- [Dataset records]:

========================

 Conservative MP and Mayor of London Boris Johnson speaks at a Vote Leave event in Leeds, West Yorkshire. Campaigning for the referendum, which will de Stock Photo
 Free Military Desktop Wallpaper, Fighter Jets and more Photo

========================

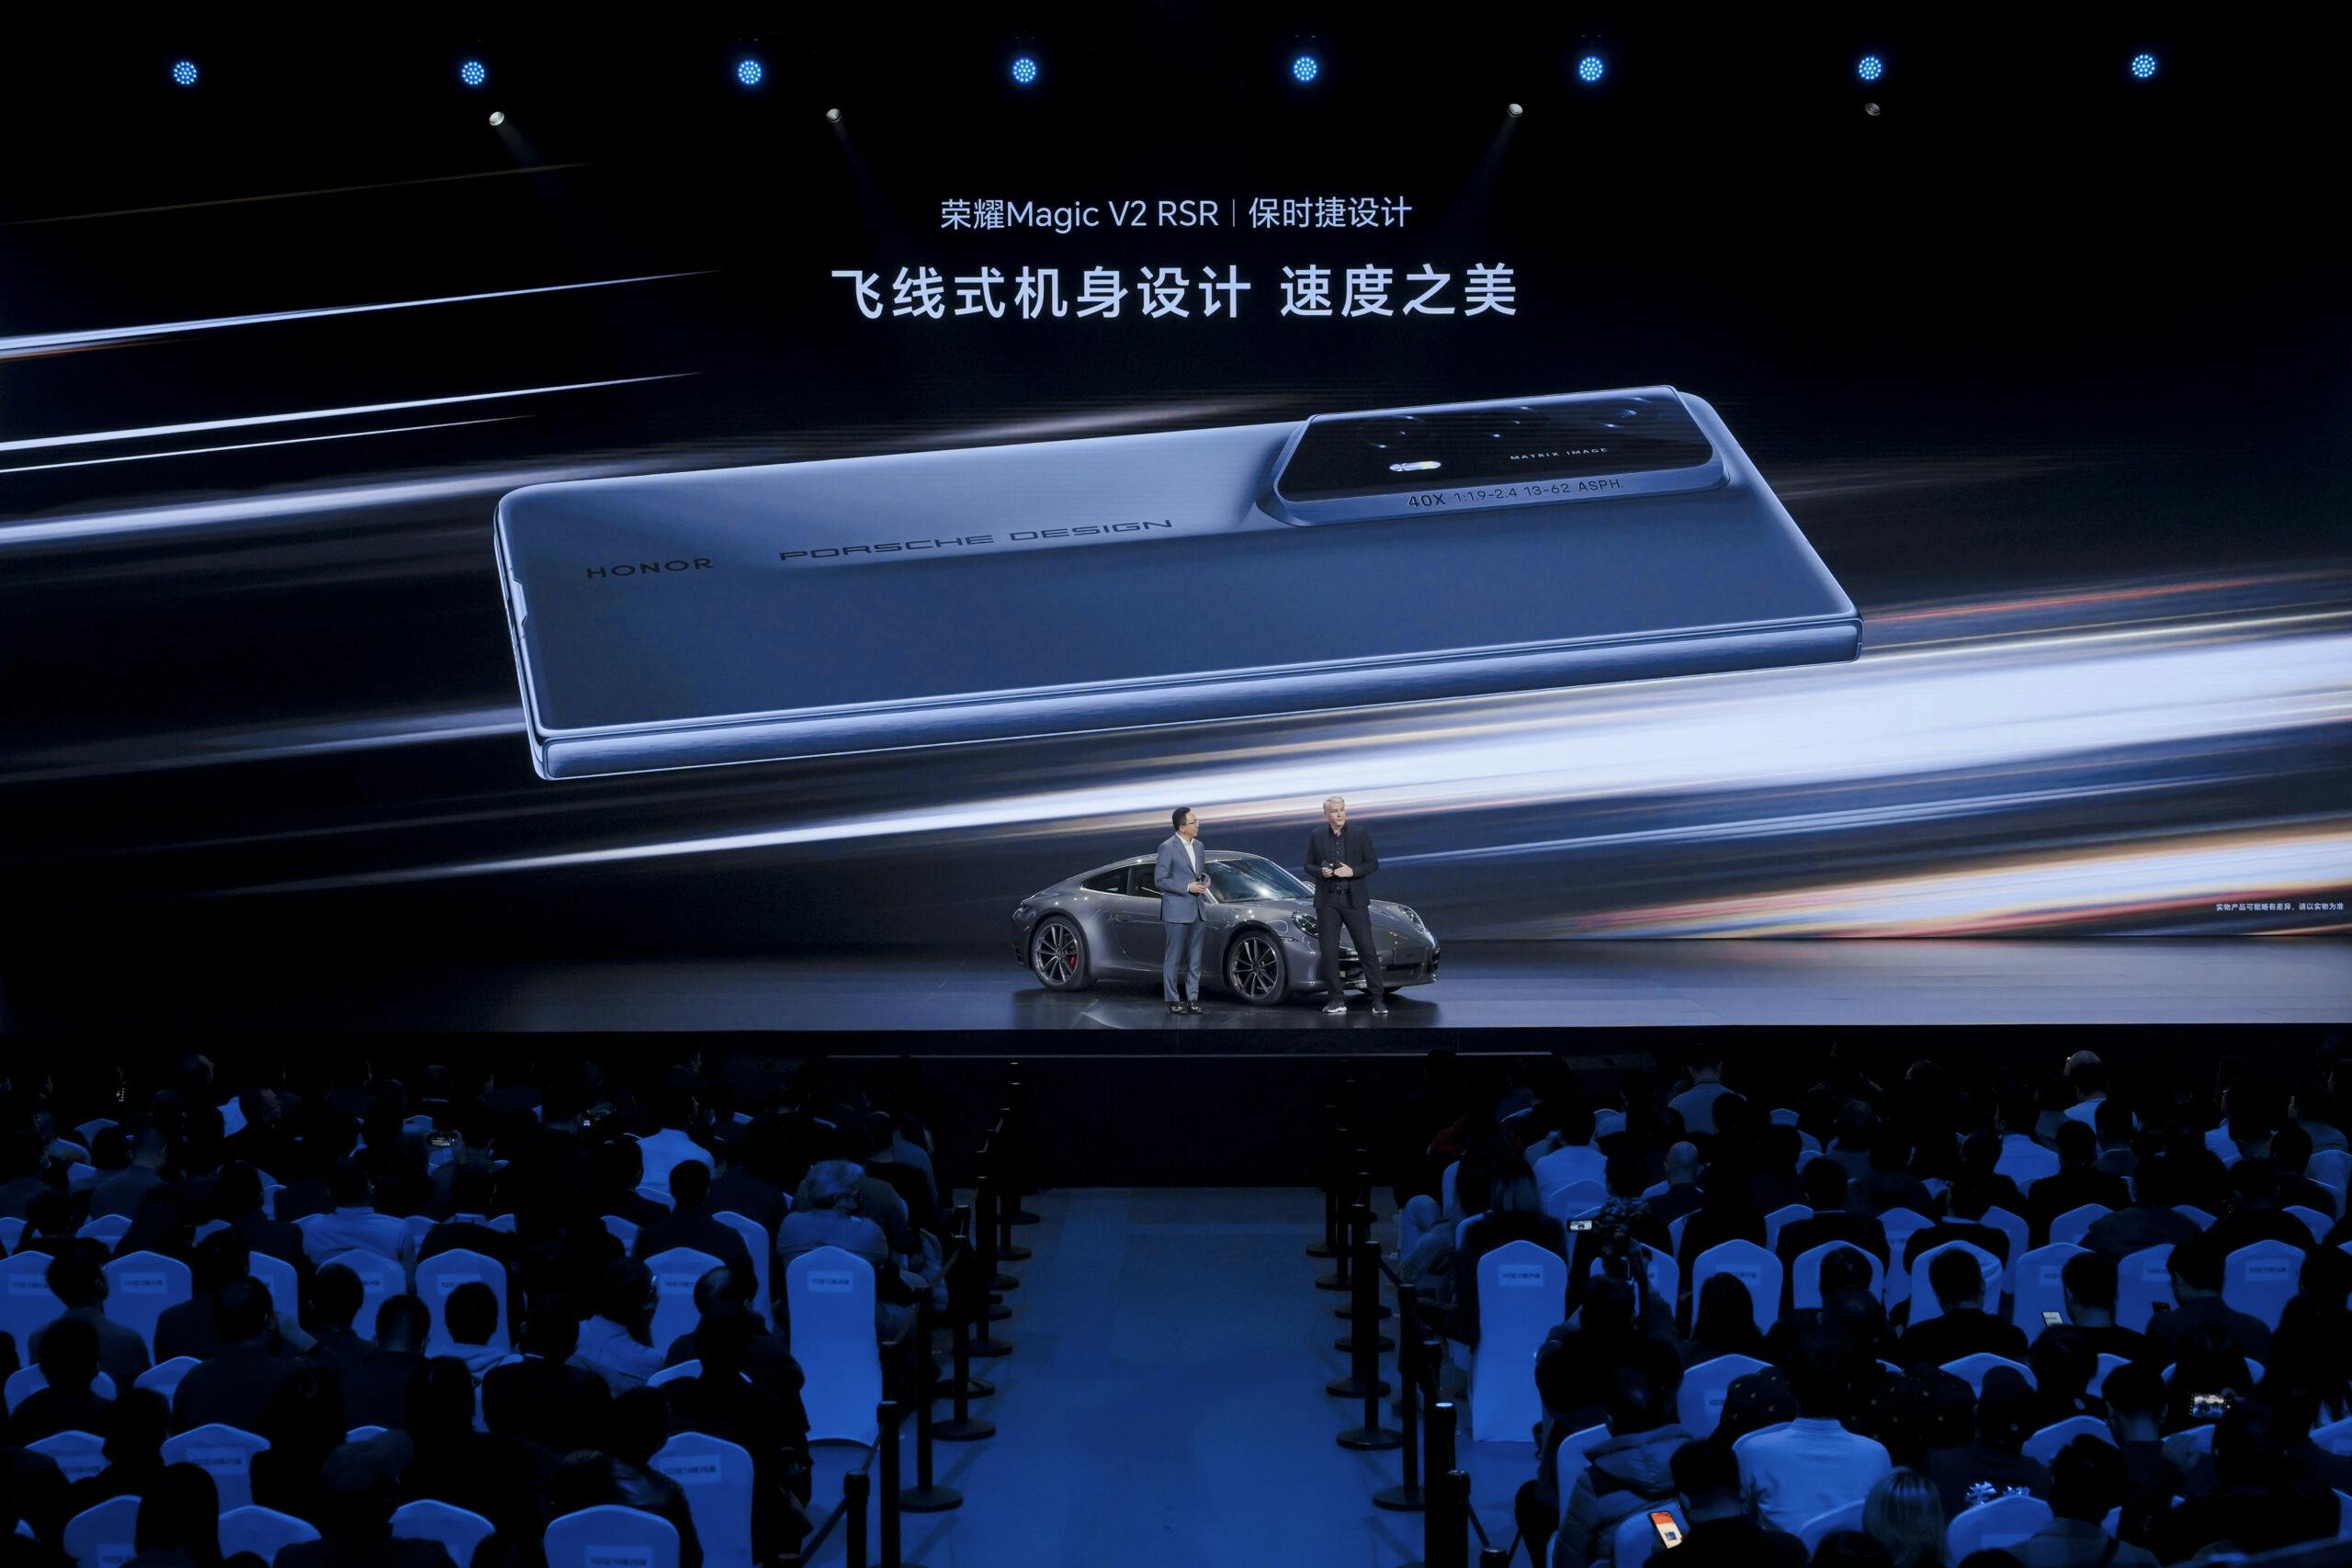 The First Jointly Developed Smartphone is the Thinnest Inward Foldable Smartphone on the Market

========================

- [Exercise]: Above are the records. Print exactly, and only, the lines from the line with "Conservative MP and" to the line with "Free Military Desktop", both inclusive.

- [Solution for this task]:
 Conservative MP and Mayor of London Boris Johnson speaks at a Vote Leave event in Leeds, West Yorkshire. Campaigning for the referendum, which will de Stock Photo
 Free Military Desktop Wallpaper, Fighter Jets and more Photo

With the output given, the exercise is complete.